Stored data:
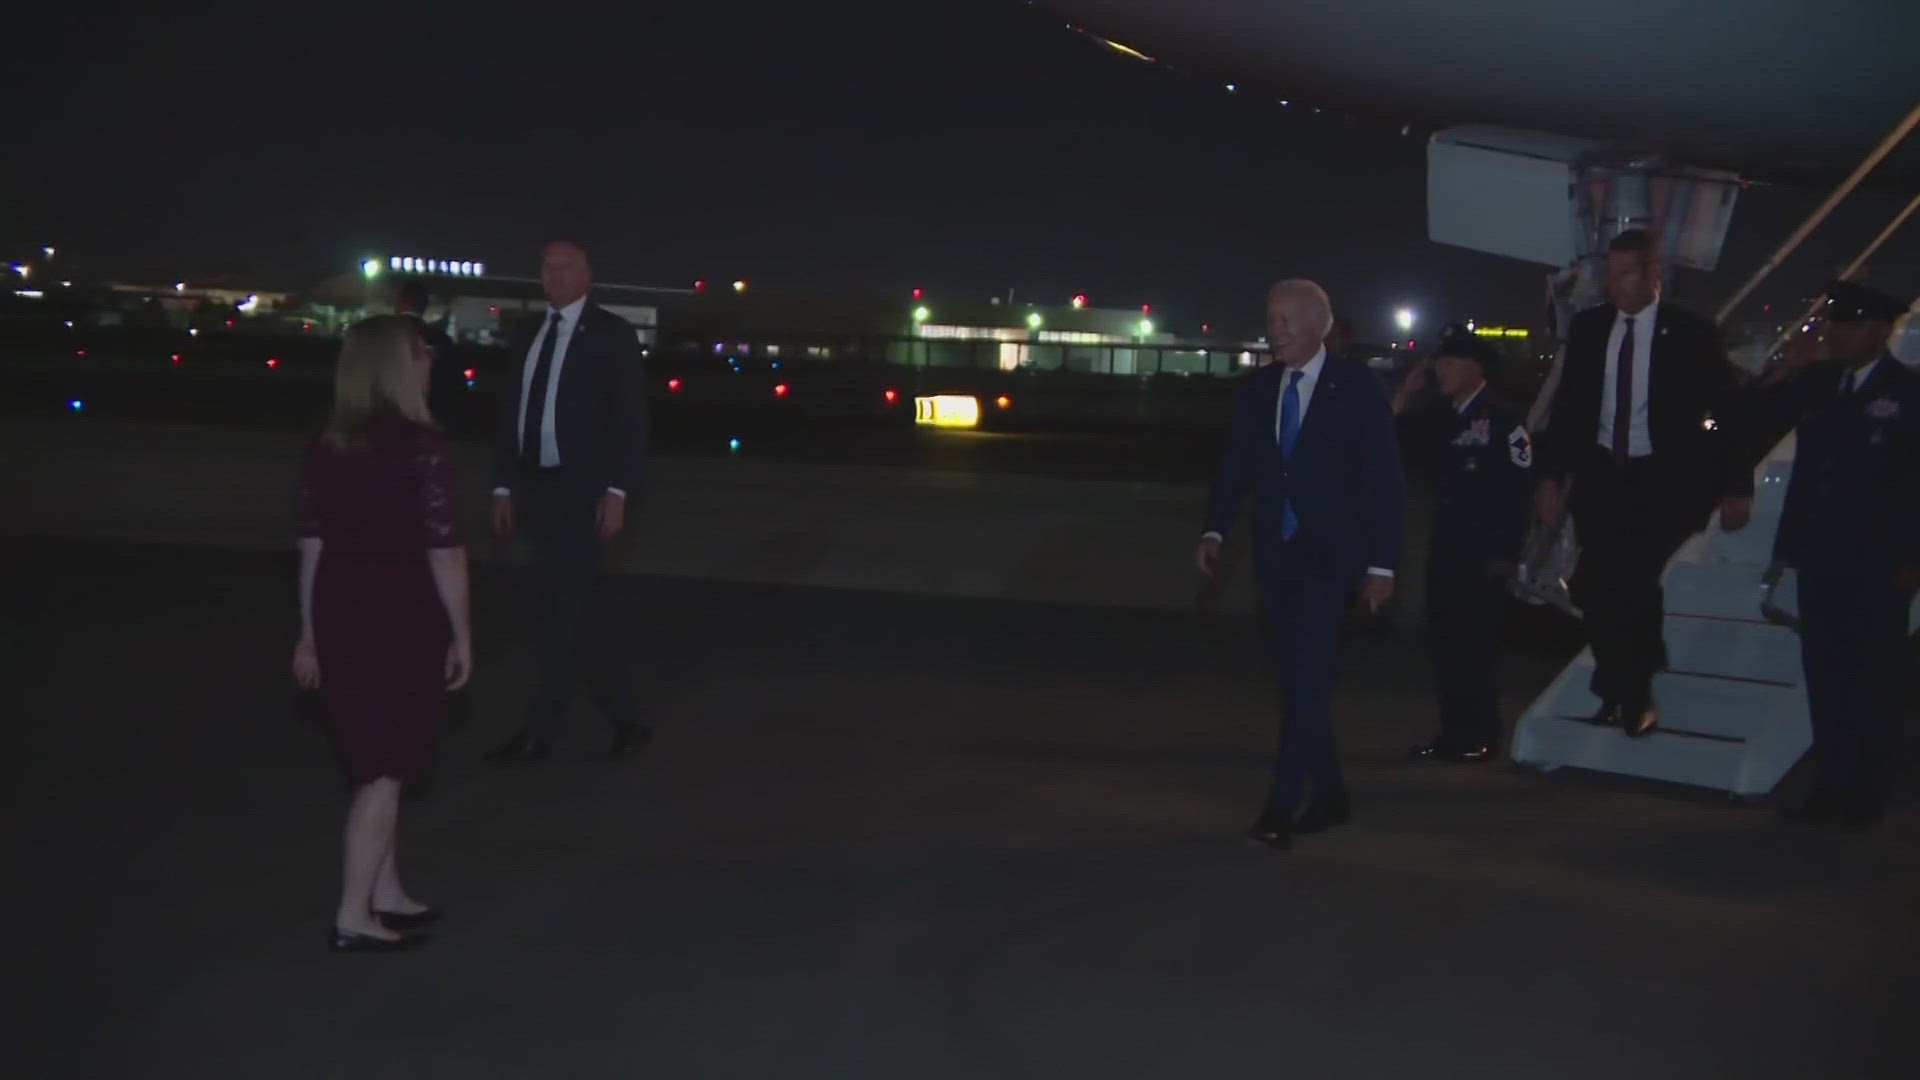 The president is in town to honor the late John McCain
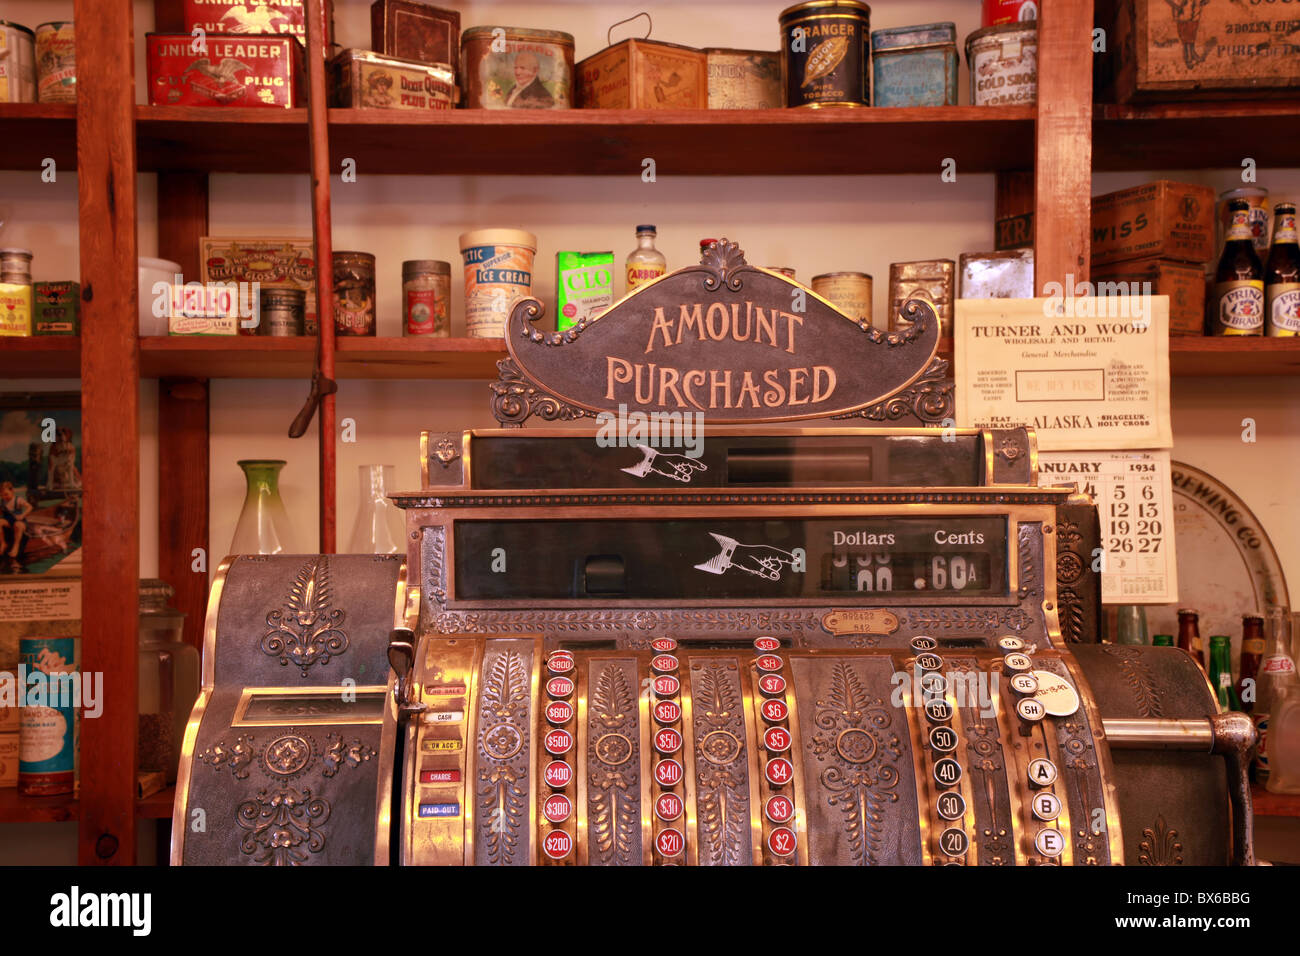 Old, antique cash register in a vintage apothecary shop in Yukon Territory, Canada. Stock Photo
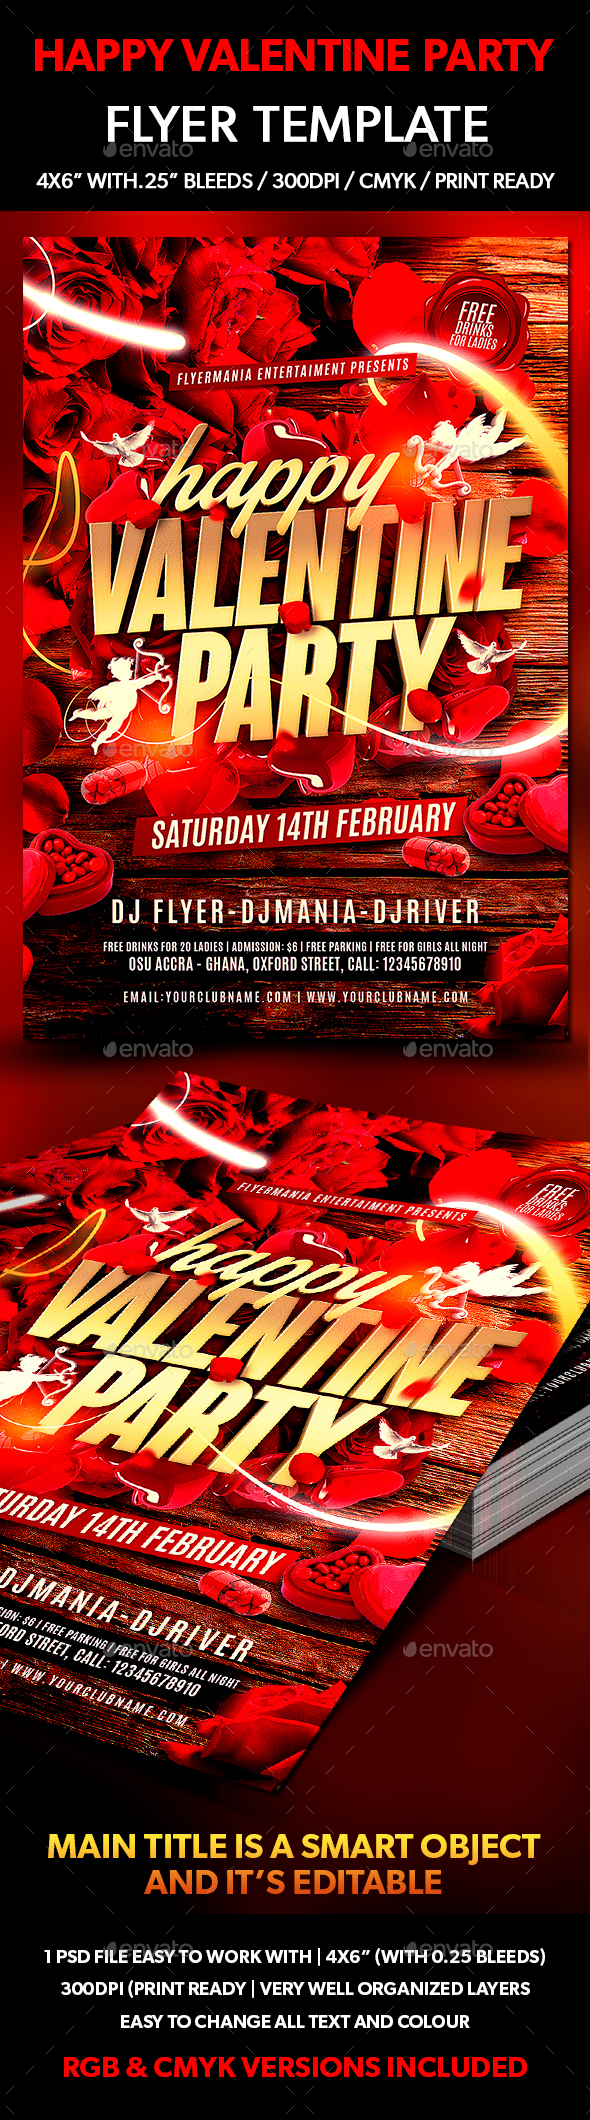 Happy Valentine Party Flyer Template

Problem description: Every word of the material, and none of its pictures, should be set down again.

Completed exercise:
 The president is in town to honor the late John McCain
 Old, antique cash register in a vintage apothecary shop in Yukon Territory, Canada. Stock Photo
 Happy Valentine Party Flyer Template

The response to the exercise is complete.